Les travaux sur la théorie et la recherche sur la thérapie centrée sur les émotions (TCE) pour le traitement de la dépression sont examinés afin de mettre en relief les contributions de chercheurs du Canada dans ce domaine. Les auteurs décrivent la façon dont est comprise la dépression dans le contexte de la TCE et passent en revue les études qui ont examiné l'efficacité de cette méthode dans le traitement de la dépression et mis en lumière le rôle important du travail avec les émotions en vue de favoriser les changements. La TCE, au départ connue en tant que processus thérapeutique expérientiel, est un traitement de la dépression validé par des données concrètes. Dans le cadre de la TCE, les émotions sont perçues comme des éléments fondamentaux pour la construction du soi, lesquels constituent une source immédiate d'information par l'entremise d'une évaluation automatique de stimuli préconscients. Ce système fournit de l'information et des tendances quant aux actions ainsi qu'une réaction instinctive qui aident les gens à faire la distinction entre des options concurrentes, à s'adapter à des environnements et à promouvoir leur mieux-être. Dans cet article, les auteurs présentent trois essais cliniques randomisés qui ont examiné l'efficacité de la TCE dans le traitement de la dépression, et ils examinent la recherche sur les processus et les mécanismes du changement dans ce type de traitement. Cette revue fournit un appui empirique aux mécanismes qui sous-tendent les changements dans la TCE, y compris le traitement optimal des émotions, la façon dont les clients comprennent leurs expériences en assimilant cognitions et émotions, les conditions de la relation thérapeutique, ainsi que les techniques précises axées sur les émotions qui sont utilisées dans le traitement de la dépression.
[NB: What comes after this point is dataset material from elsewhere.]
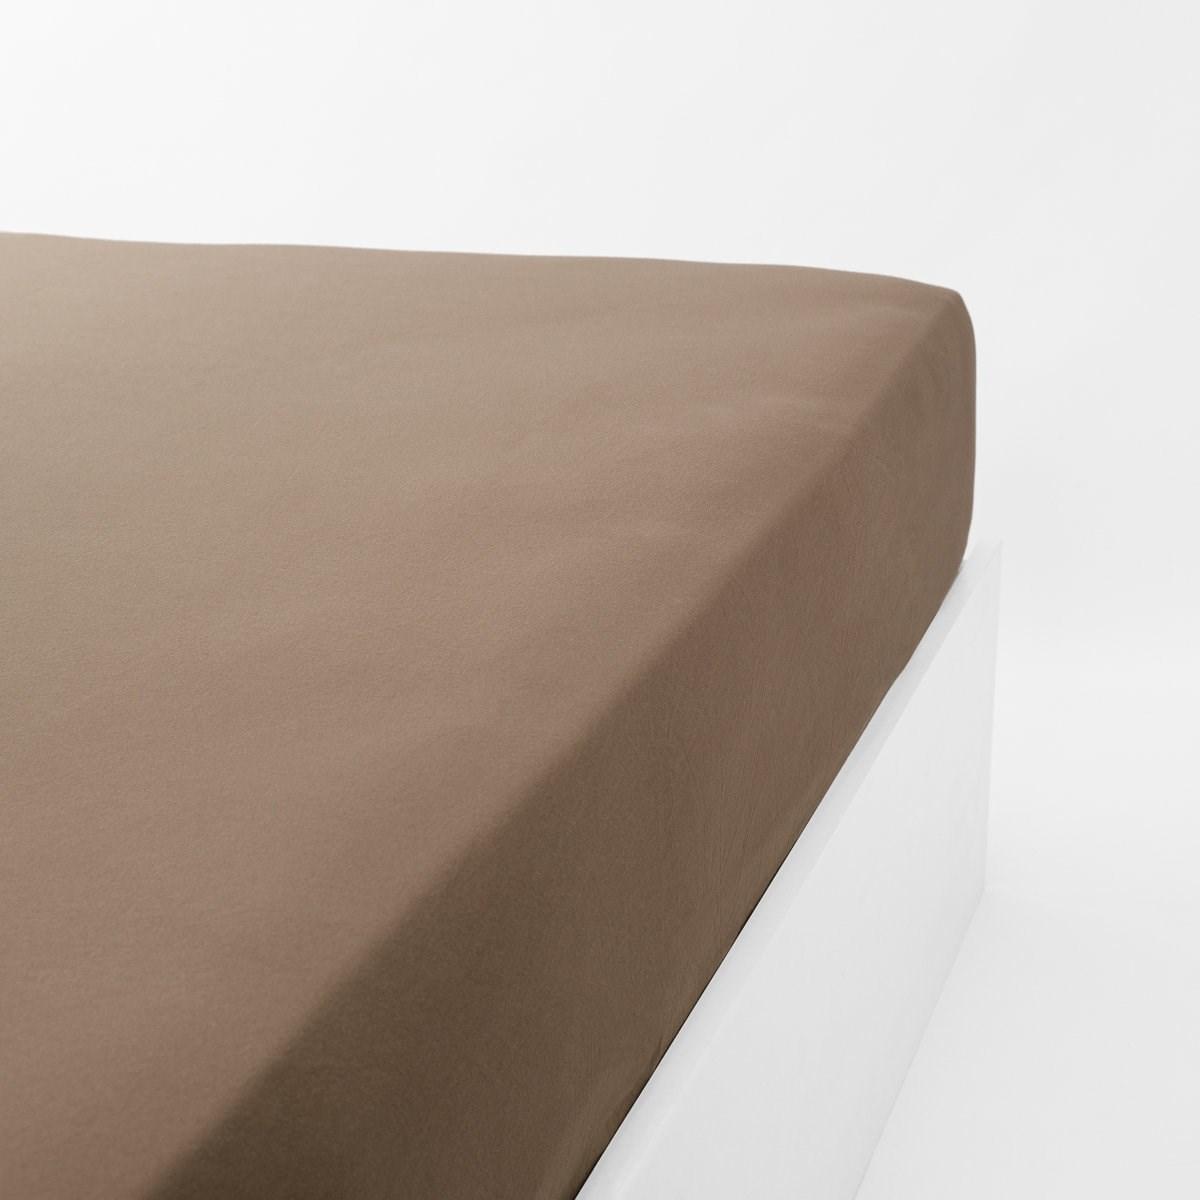 Drap housse jersey extensible en coton marron 200x200 cm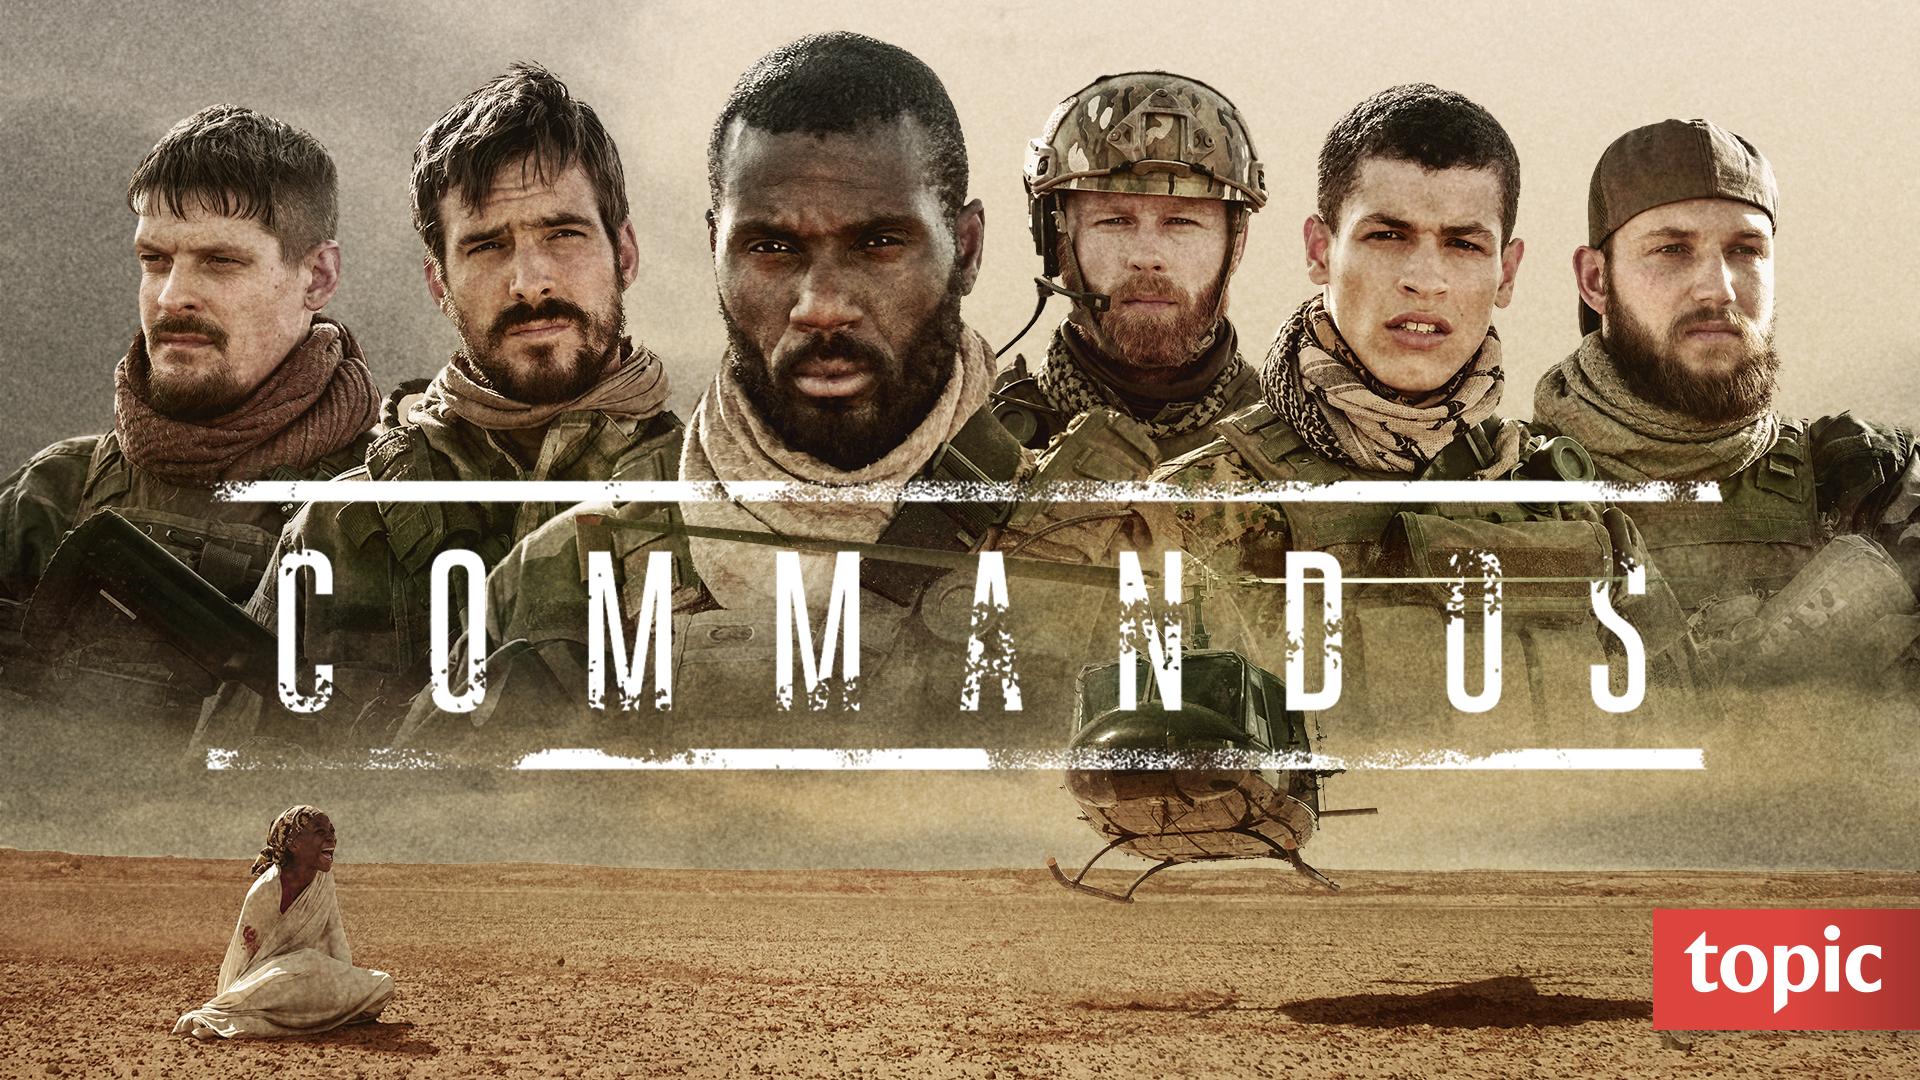 Commandos Season 1

Public Significance Statement
This article presents a review of the research on emotion-focused therapy (EFT) in the treatment of depression that has been conducted in Canada, including studies of its effectiveness and the mechanisms of change. This research is important as its highlights that EFT is an effective treatment for depression and reveals the important role of emotional processing and relational factors in the process of change. An increased understanding of the mechanisms of change in EFT is vital to enhance therapeutic outcomes.